What is the Insertion Sort Algorithm?
The Insertion Sort algorithm is an algorithm used to sort a list of items into ascending or descending order. The way the algorithm works is similar to the way someone playing cards would sort their hand of cards. It works by comparing the current element with the elements to its left. If the current element is determined to be larger than the element to its left, it will insert the current element in front of the smaller element.
Step-By-Step
- Assume the first element is already in place
- Pick the next element in the list
- Compare with all the elements in the sorted sub-list (all the elements to its left)

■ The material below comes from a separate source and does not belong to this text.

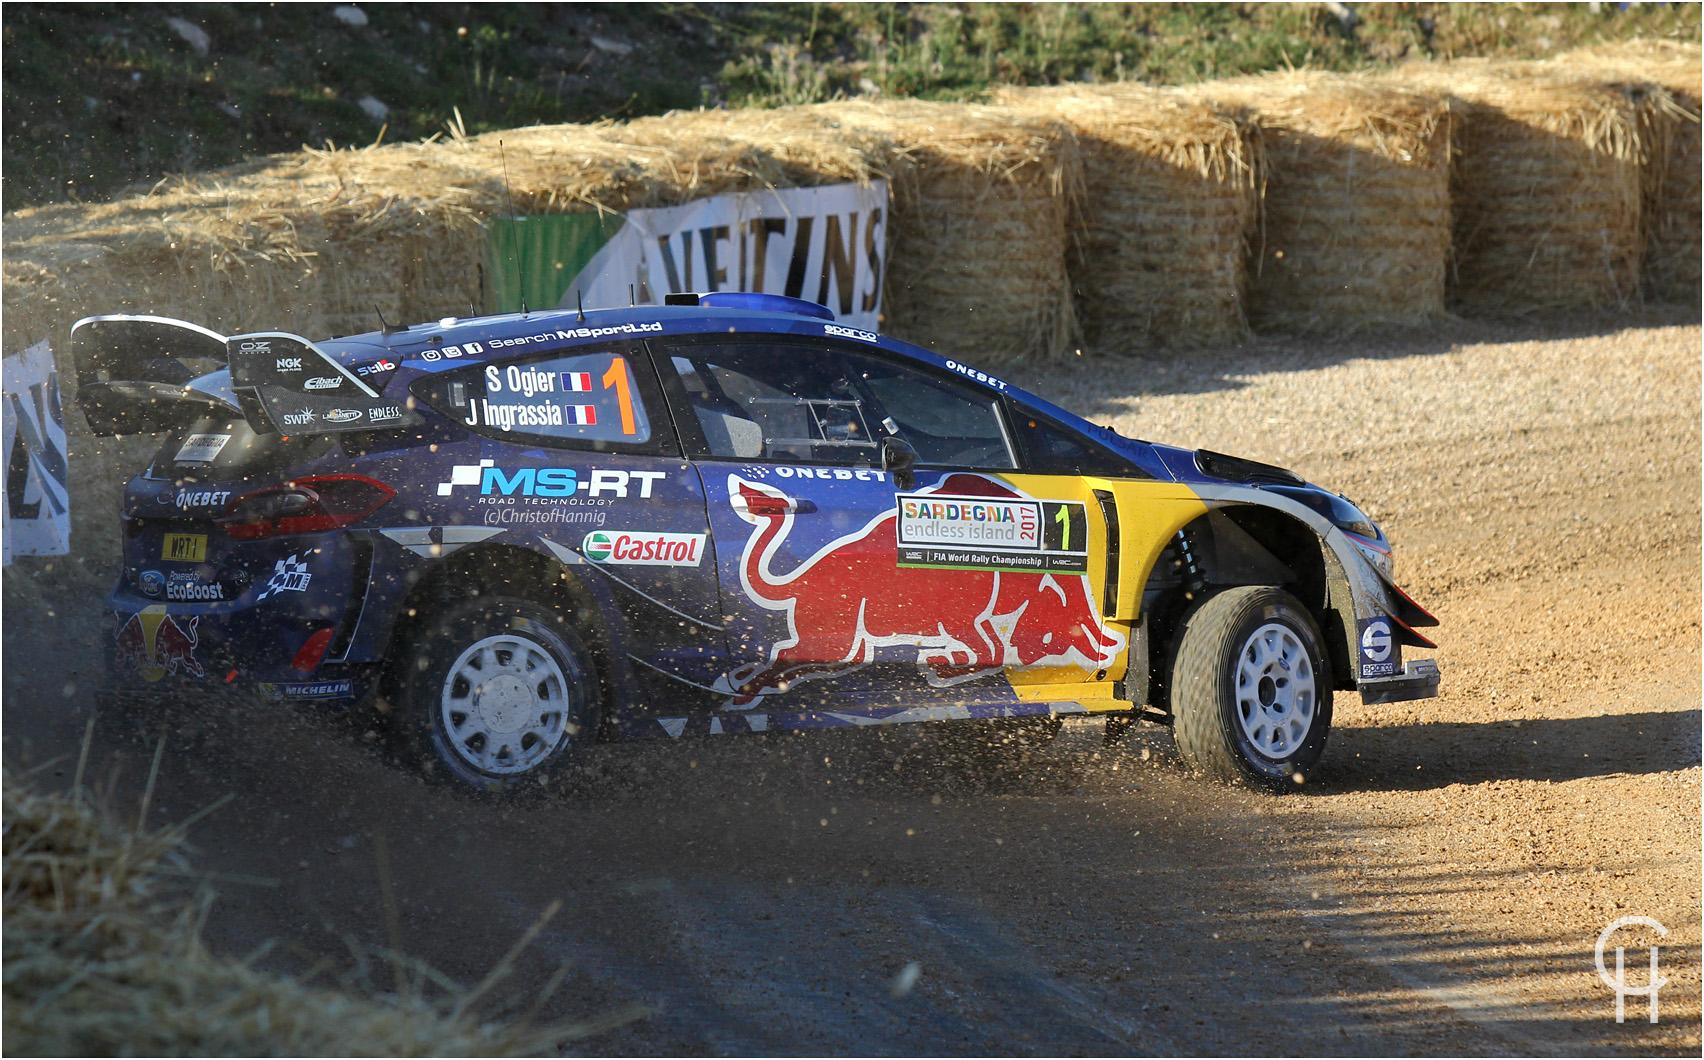 Die fünffachen Weltmeister Sebastian Ogier / Julien Ingrassia im Ford Fiesta WRC

- Shift all the elements in the sorted sub-list that are greater than the current element
- Insert the value into the list where the element to its left is smaller, and the element to its right is larger
- Repeat until the list is sorted
When should the Insertion Sort Algorithm be used?
To determine when this algorithm should be used, we should take a look at its time complexity. In the best-case scenario, this algorithms time complexity will be O(n), Linear time complexity. This only occurs if the list going through the algorithm is already in the correct order. In the worst case scenario, the time complexity for this algorithm is O(n²), quadratic time complexity. This will occur if the elements are jumbled, or if it is completely in the reverse order that we want it to be.
This means that this algorithm should only be used with smaller data sets because an algorithm with quadratic time complexity can take a very long time when working with large data sets. With smaller data sets however, this algorithm is quick, efficient, and very easy to implement.
How to use the Insertion Sort Algorithm?
I’d like to demonstrate this algorithm using Javascript. Take a look at the code below to see my example.
const insertionSort = (arr) => {
// determine the length of the input
let len = arr.length;
// iterate through the array
for (var i = 1; i < len; i++) {
// save the current element we are evaluating
let current = arr[i];
// determine the index of the previous element
let j = i - 1;
// while the index of the previous element is greater than -1 (beginning of the list)
// and the current element is less than the previous element
// swap the elements and decrease j by 1
while ((j > -1) && (current < arr[j])) {
// swap
arr[j + 1] = arr[j];
j--;
};
// swap
arr[j+1] = current;
};
return arr;
};Great! We’ve got out algorithm, let’s make sure it works.
let nums = [5,23,54,7,87,2,4,32,8,56,98,43,45,12,21,69,36,25];
console.log(insertionSort(nums));
// [2, 4, 5, 7, 8, 12, 21, 23, 25, 32, 36, 43, 45, 54, 56, 69, 87, 98]After running our array of nums through our insertionSort algorithm, we get a sorted array returned to us.
Conclusion
In this article, we discussed the Insertion Sort Algorithm. We discussed what the algorithm is, how it works, and determined when we should and shouldn’t use it. I hope you enjoyed this article, and even learned something new! Keep learning, and happy coding!